You need to get a Windows XP CD. It doesn't need to be included with this machine. If you had that you could boot from the Windows and get to the Recovery console to Repair the MBR or to run the System File Checker etc or do a Repair install.


----------



## jtbleek (Apr 26, 2005)

spike2me said:


> It sounds like the Hard Drive is damaged or needs to be replaced. see the following steps to test your hard drive:
> 
> 1.
> Restart the notebook PC.
> ...




I tried this but when I hit F10 the following comes up:

1400 Mhz Pentium 4 CPU
External Cache: 512K installed
Hard Disk boot sector invalid
Press "h" to retry hard disk, any other key for next device
no bootable CD in ATAPI CD-ROM
Booting from LAN


goes on the say ethernet controller test failed and trys to boot from hard disk again


----------



## lorjack (Nov 15, 2007)

The hard drive is gone.


----------



## jtbleek (Apr 26, 2005)

lorjack said:


> The hard drive is gone.


I'm skeptical of this because I tried another hard drive and it does the same thing


----------



## deleted010511 (Apr 29, 2009)

go into the Bios, does it see the HDD? Is it a SATA drive or an EIDE/ATA drive?


----------



## jtbleek (Apr 26, 2005)

spike2me said:


> go into the Bios, does it see the HDD? Is it a SATA drive or an EIDE/ATA drive?

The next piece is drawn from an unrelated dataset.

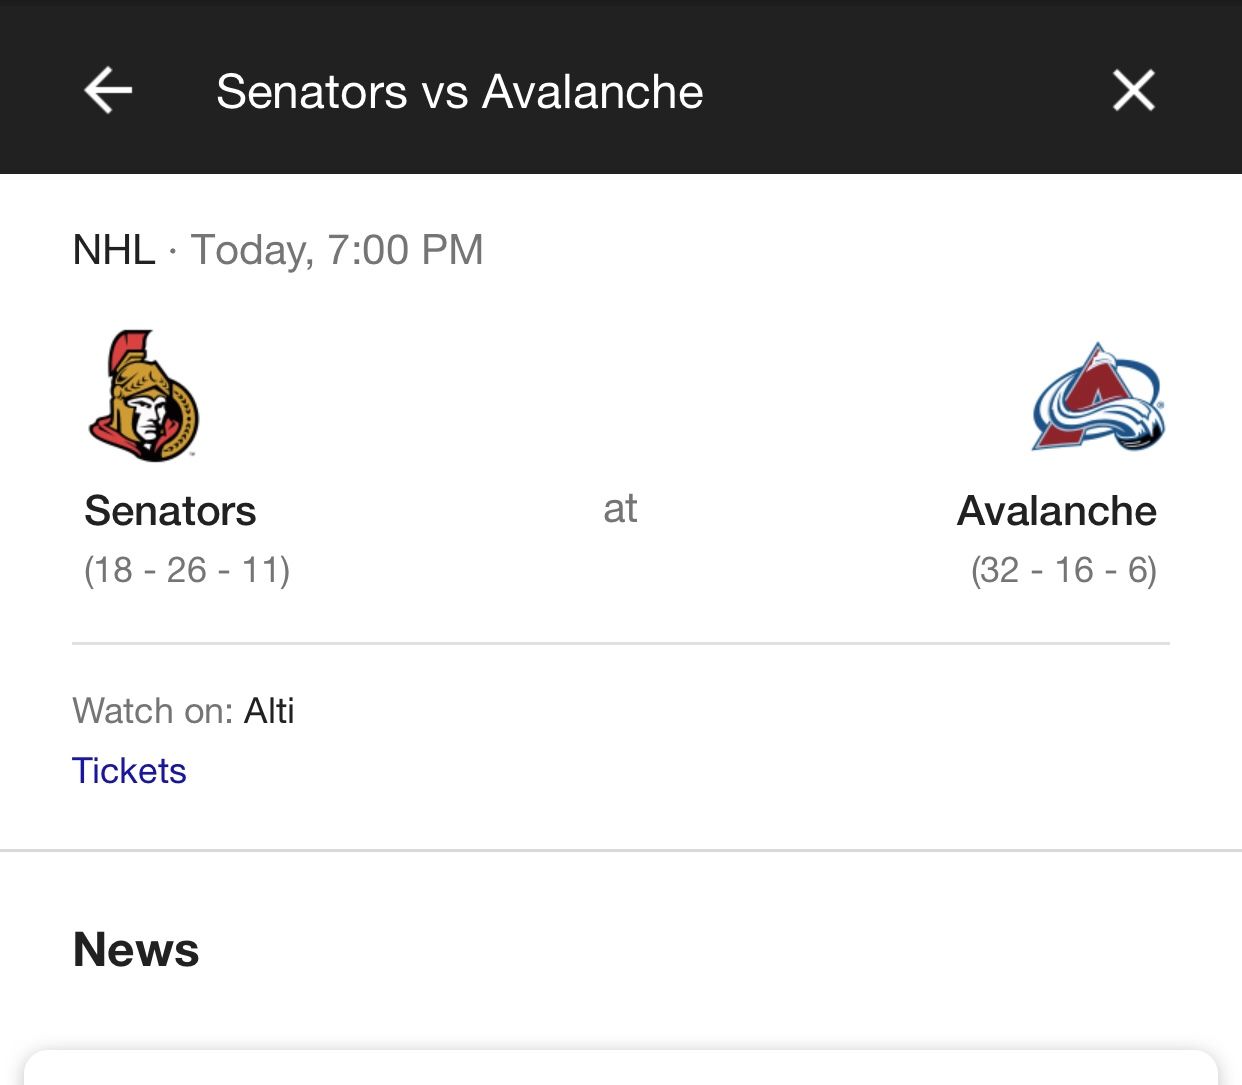 Avalanche Senators tonight

IDE/ATA drive.....Insyde Bios...the only thing I can say about it recognizing the HD is that it says "Internal Hard Disk = 30GB".....which is the correct size of the hard drive


----------



## deleted010511 (Apr 29, 2009)

Ok try formatting the HDD with a 3rd party utility Boot disc like Partition Magic, Acornis, Disk Part. If that boot disc sees the HDD and it formats it NTFS then put the XP CD in and install.


----------



## jtbleek (Apr 26, 2005)

Is there any free ones out there that you know of? I tried Partition Logic, but it spits out errors and won't work.


----------



## nego-oh-oh (Jan 22, 2006)

you might try putting the disk in another computer,
then run chkdsk on it.


----------



## dai (Jul 2, 2004)

contact hp for recovery disks


----------



## jerrodbug (Jul 28, 2009)

before you do that, make sure you dont have any flash/usb drives plugged in to the computer, that can occasionally cause a problem if your bios is set to allow booting from a USB. (just ran into this problem myself


----------